• Extracted information:
== Segment start ==
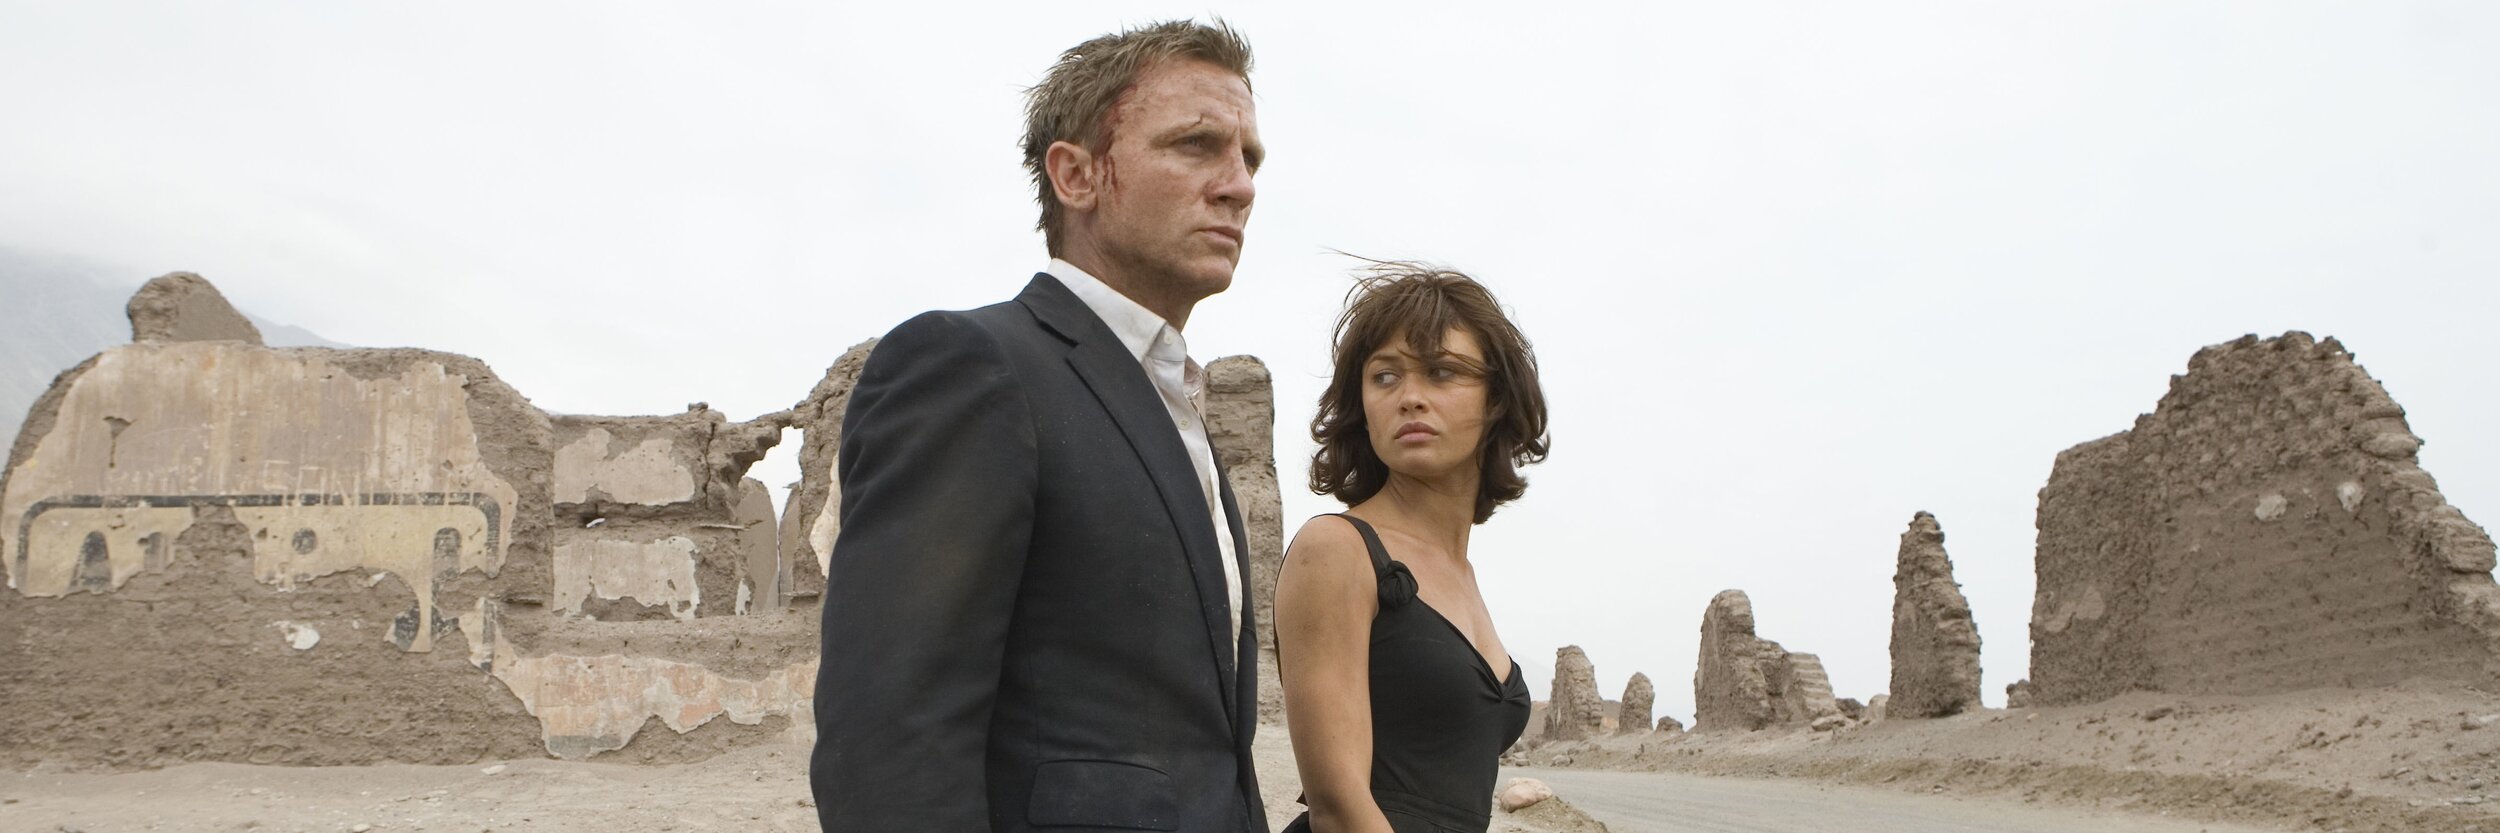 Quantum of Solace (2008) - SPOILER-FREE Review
== Segment end ==
== Segment start ==
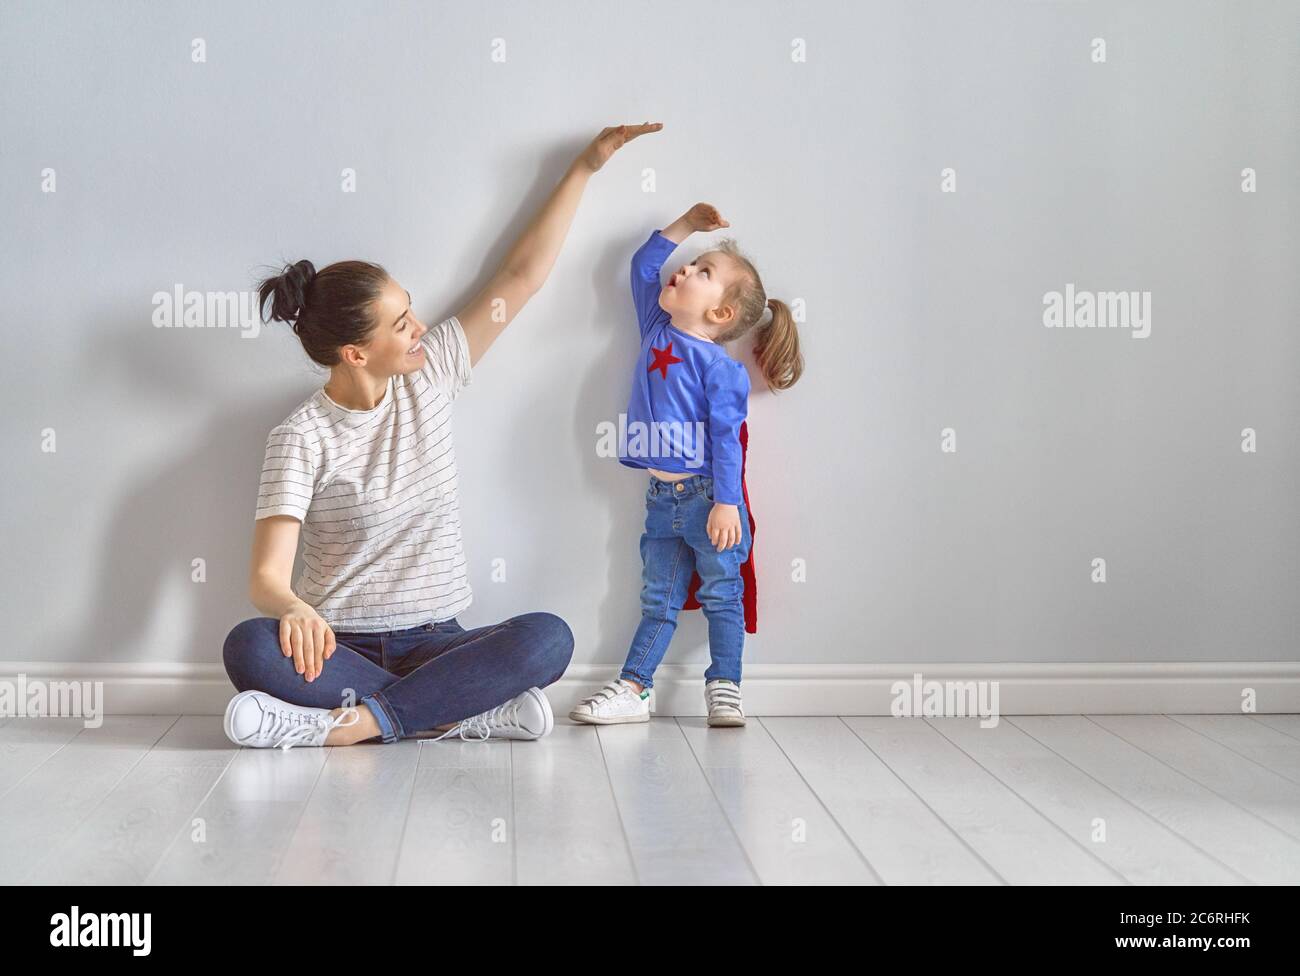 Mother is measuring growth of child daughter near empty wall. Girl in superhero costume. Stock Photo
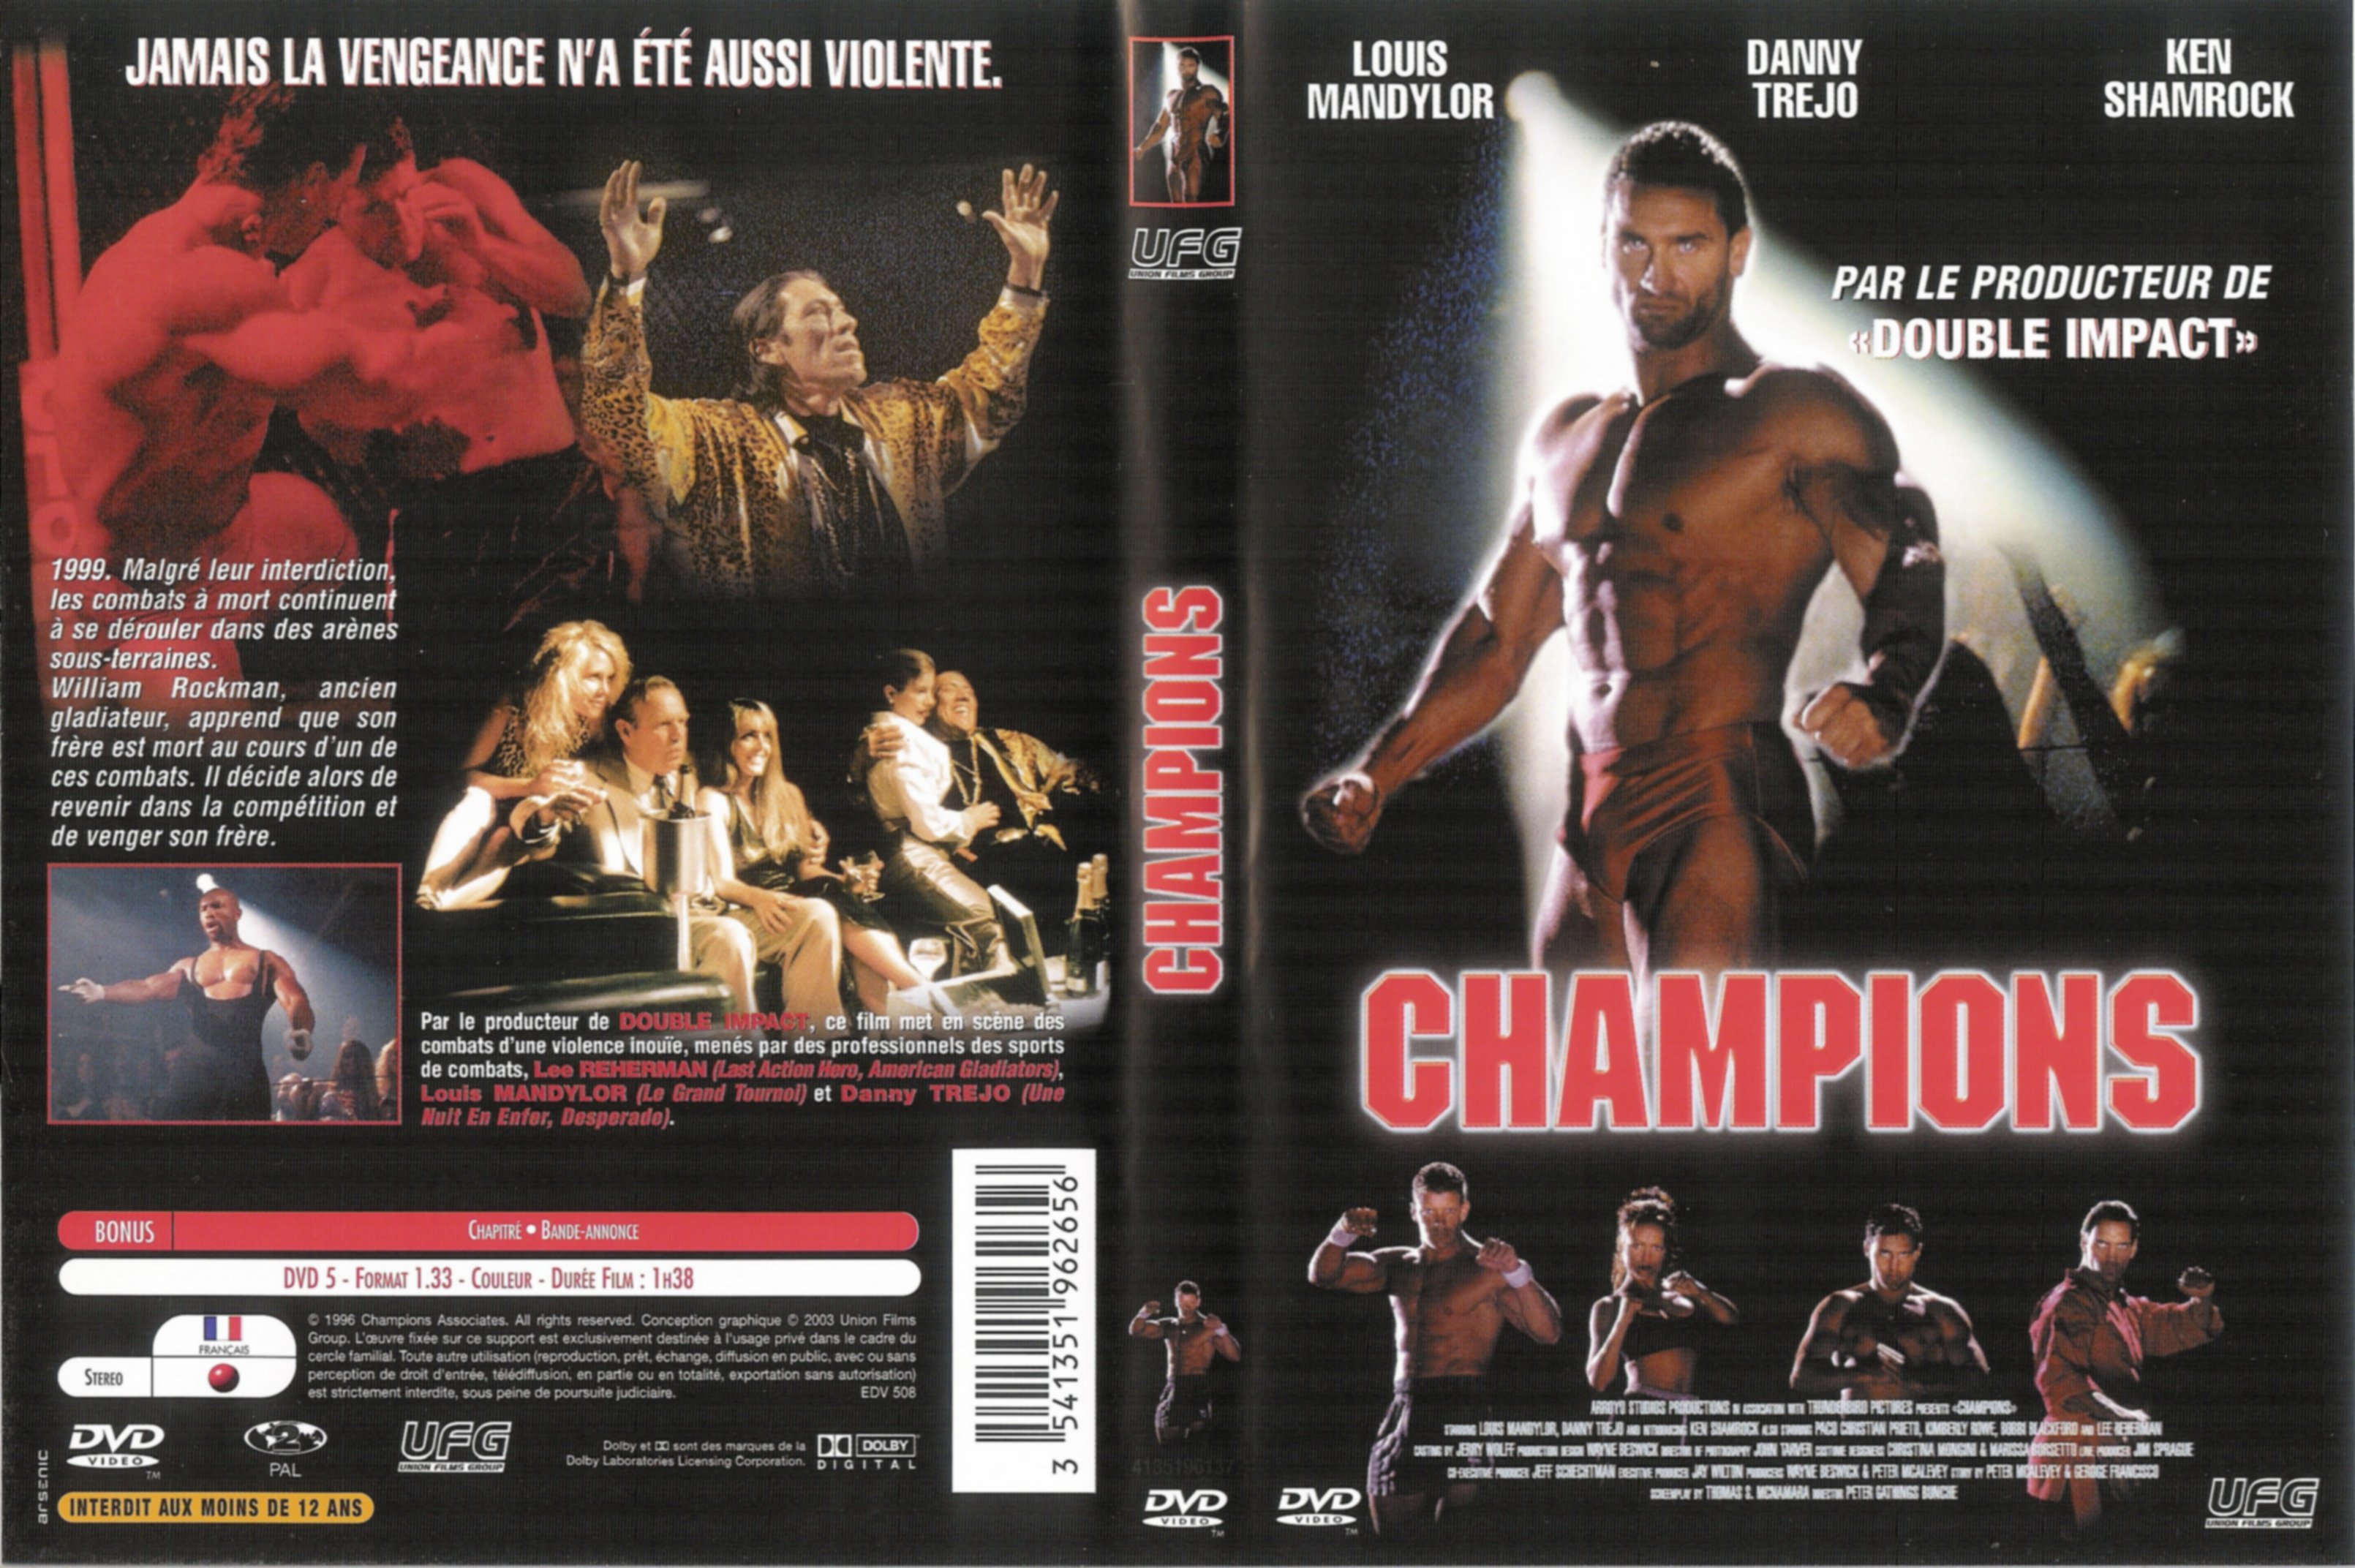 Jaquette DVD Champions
== Segment end ==
== Segment start ==
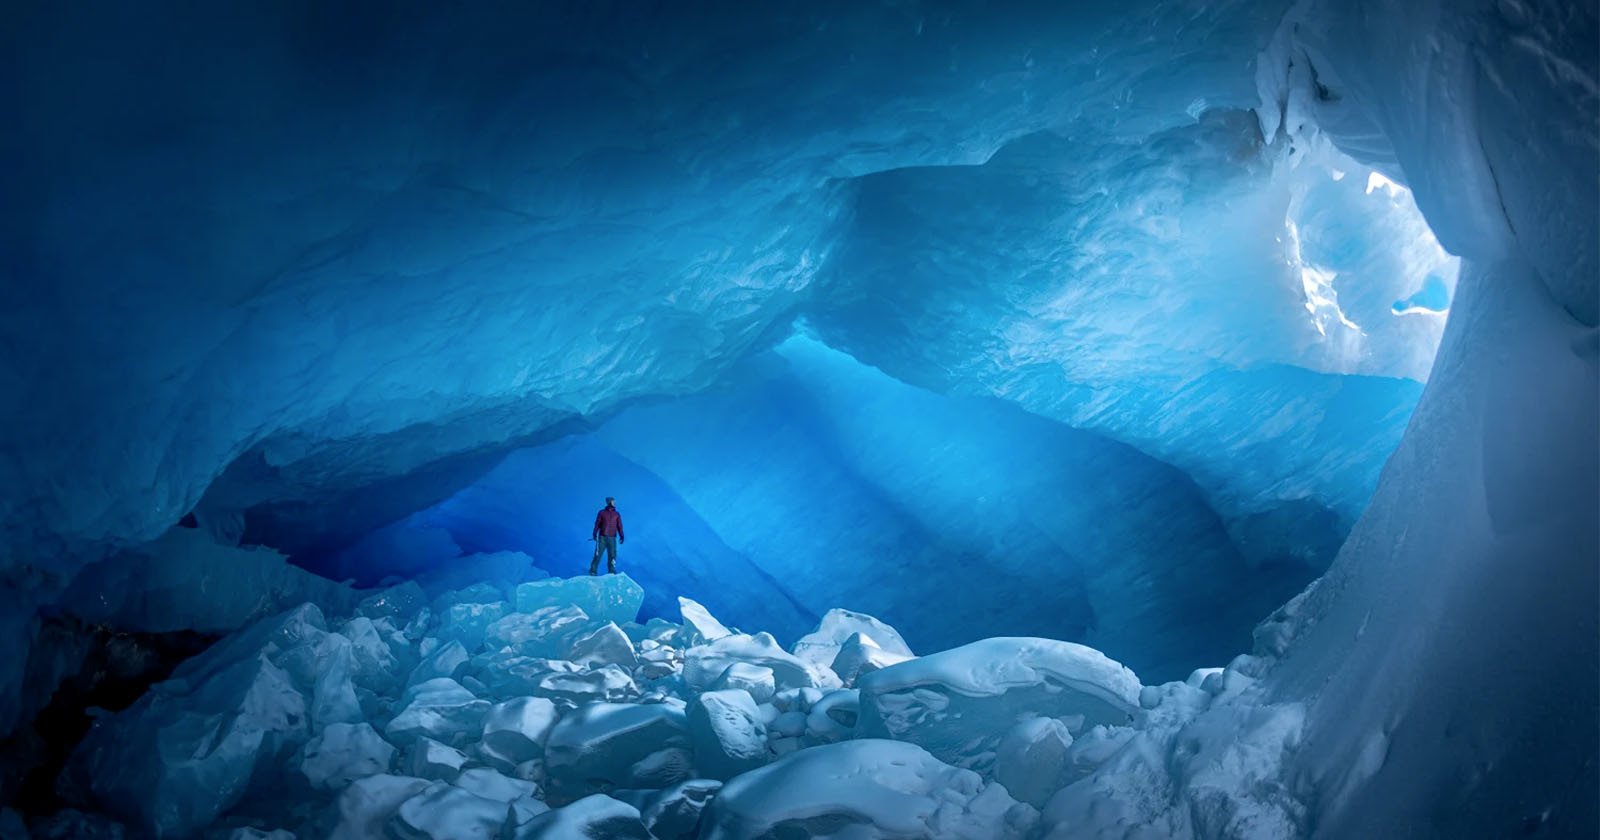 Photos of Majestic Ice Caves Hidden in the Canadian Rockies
== Segment end ==
• Exercise prompt: Give back the exact lines above, running from the one that has "Mother is measuring" through the one that has "Jaquette DVD Champions", with nothing added and no pictures.

• Problem solution:
 Mother is measuring growth of child daughter near empty wall. Girl in superhero costume. Stock Photo
 Jaquette DVD Champions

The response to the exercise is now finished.